I got this from Chris:
Ben,
What are some examples of transitions you do? The reason why I ask is this:
At my school the principal observes us once each 9 weeks, so four observations a school year and each semester we do a summary appraisal based on the two observations each semester. I met with my principal a few weeks back for my summary appraisal for this year and it went great! My principal absolutely loves what I”m doing and he really likes TPRS based on what he’s seen in my classes. He even said before we started with him summarizing everything that he typed out “with you, this is just a formality. I love what you’re doing”. My 4 page summary appraisal is awesome but I do find myself dwelling on one statement that I’m hoping maybe you can help me with. The statement is “It would greatly benefit student learning by providing students with the opportunity to transition during the lessons, as this would increase student engagement in the lessons.” Although everything is very positive and he says I’m an asset to the school, I do find myself thinking about that statement. I’m not sure what to think of it. Do you have any recommendations for “transitions” during lessons? The last lesson he observed, that he probably pulled a lot from, was a Monday and it was complete PQA during the lesson with a 3 minute break in the middle of class, which I admit probably looked like a randomly thrown in break with no transition. What types of ‘transitions’, if any, do you do? If you don’t, how do you recommend I explain the lack of transitions to my principal?
Chris Roberts
My response: CI can be so uniquely powerful that transitions don’t often occur, are not necessary and it would even be stupid to break the flow up. However, those classes don’t occur all the time. I have a basic plan for transitioning throughout my classes: I start with SSR, then we start some CI (PQA, stories, whatever, as long as it is comprehensible input), then we do dictee if time allows, then we quiz, then we do our self-reflection/metacognition discussion. How to transition between these things? Just do it.

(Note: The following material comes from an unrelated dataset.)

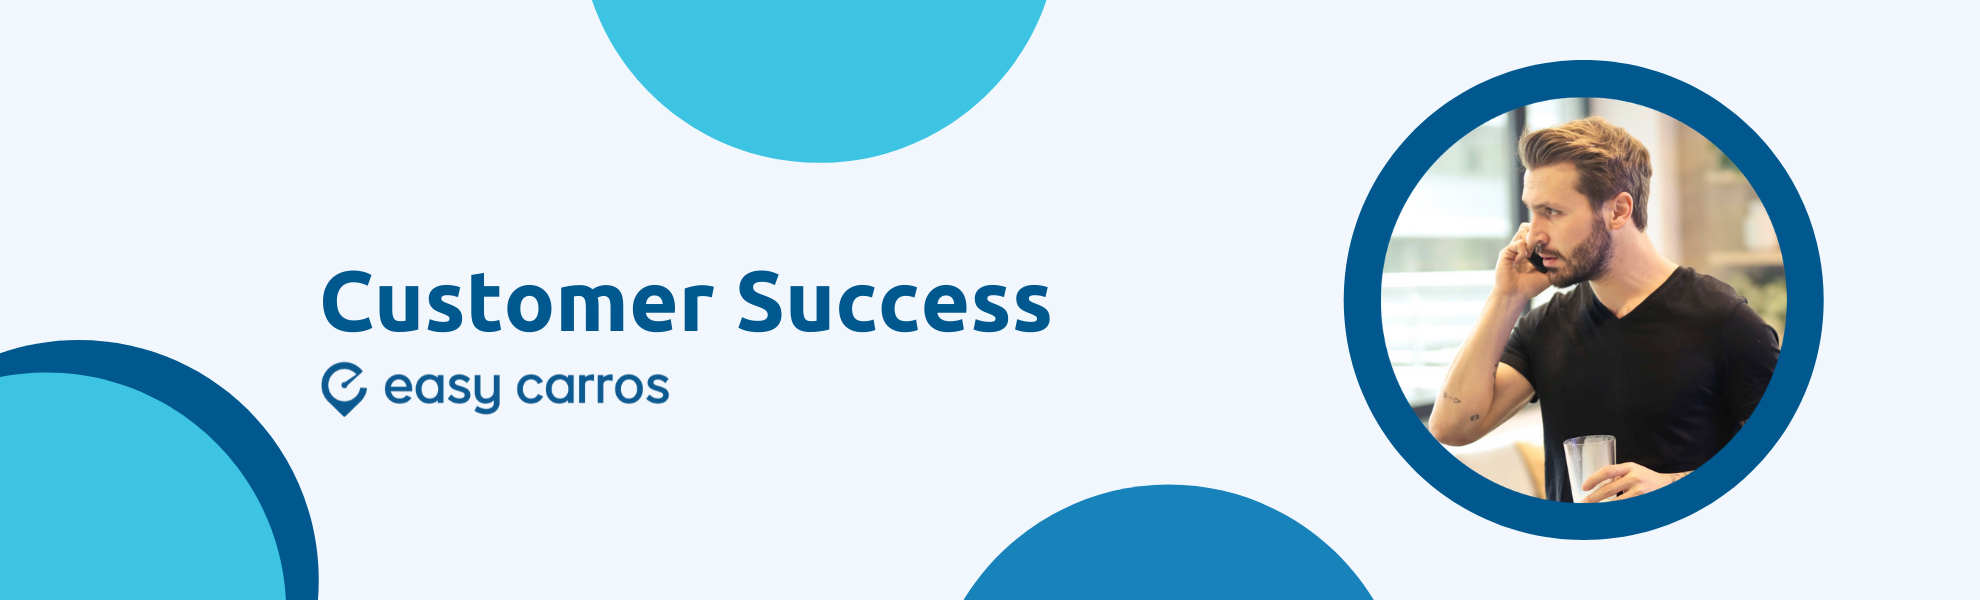 Customer Success Pleno

I don’t see that this guy really gets CI, as shown in what he wrote to you. That’s educationese. He means that he read somewhere that a good class has a different “activity” every 20 minutes to keep the kids “engaged”, but he doesn’t know that we can keep kids engaged with a good story for hours and that breaking up the CI is not so wonderful in language classes properly done.

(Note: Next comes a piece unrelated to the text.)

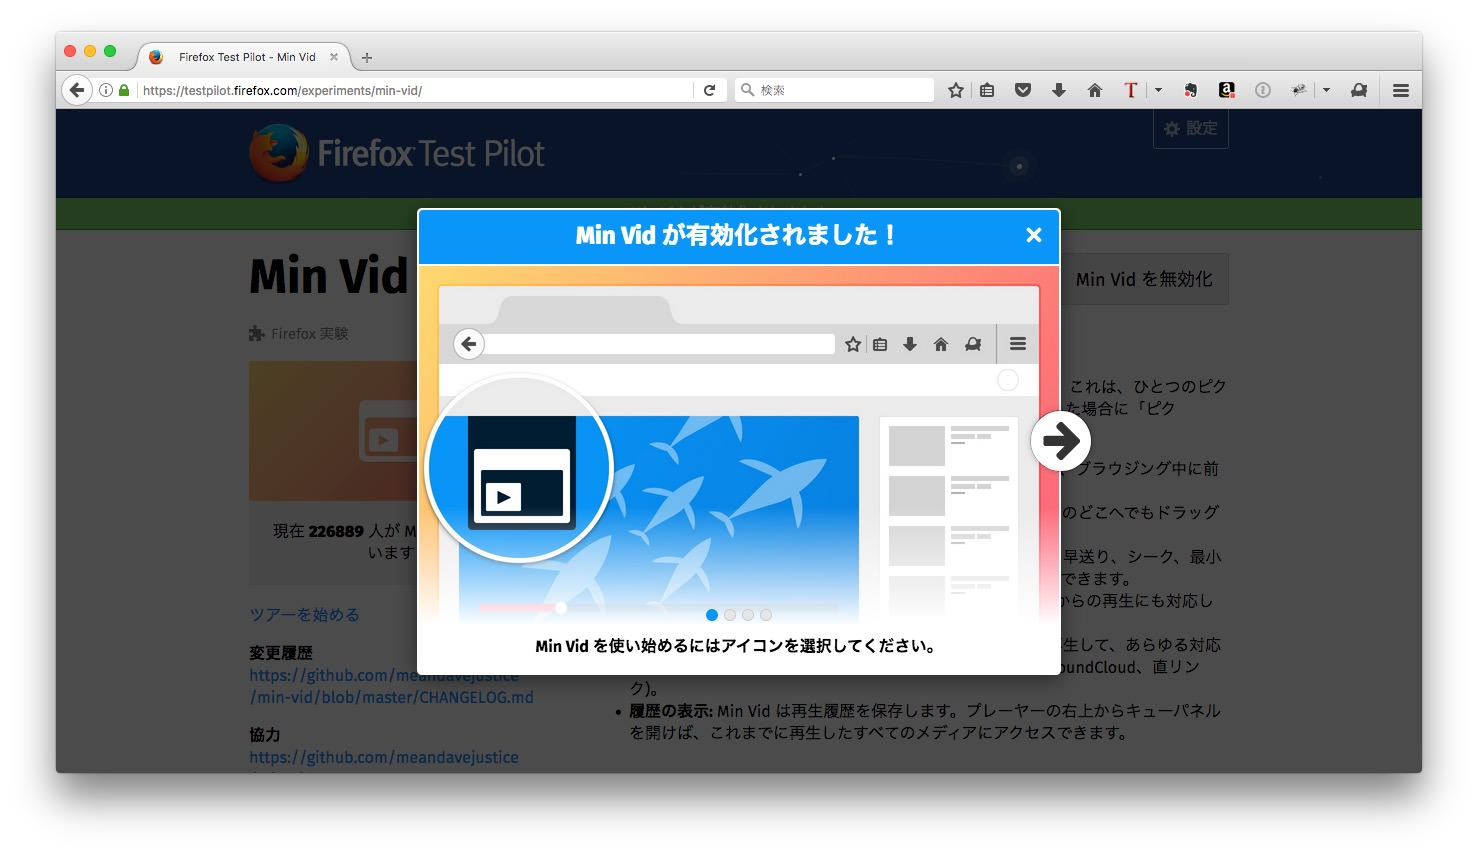 Firefoxの実験的な機能YouTubeなどをピクチャー・イン・ピクチャーできる「Min Vid」が最高な件

So he suggested to you what he does to many other teachers, I am sure, which is give them advice on some room for improvement bc maybe he was told in some principal’s workshop that he had to suggest something for you to improve on when they observe. I certainly wouldn’t take it too seriously.
Now, if he observes you again, you may choose to move through the sequence of things I mentioned above that I do when I’m not rolling with some unstoppable CI. You may want to do that simply bc you know the observor has been trained to look for it and then he would see the different activities and conclude that you are a serious teacher.
You could even throw in real physiological brain breaks like the beach ball brain break (everybody has to get one touch before it hits the floor) or do a little yogo or whatever. Then he would be thoroughly impressed.
But this guy is not talking about transitions so much as asking for different activities from you, proving, as I said above, that he doesn’t really get what we do and which is yet another reason I am more and more questioning if we can even do CI in schools.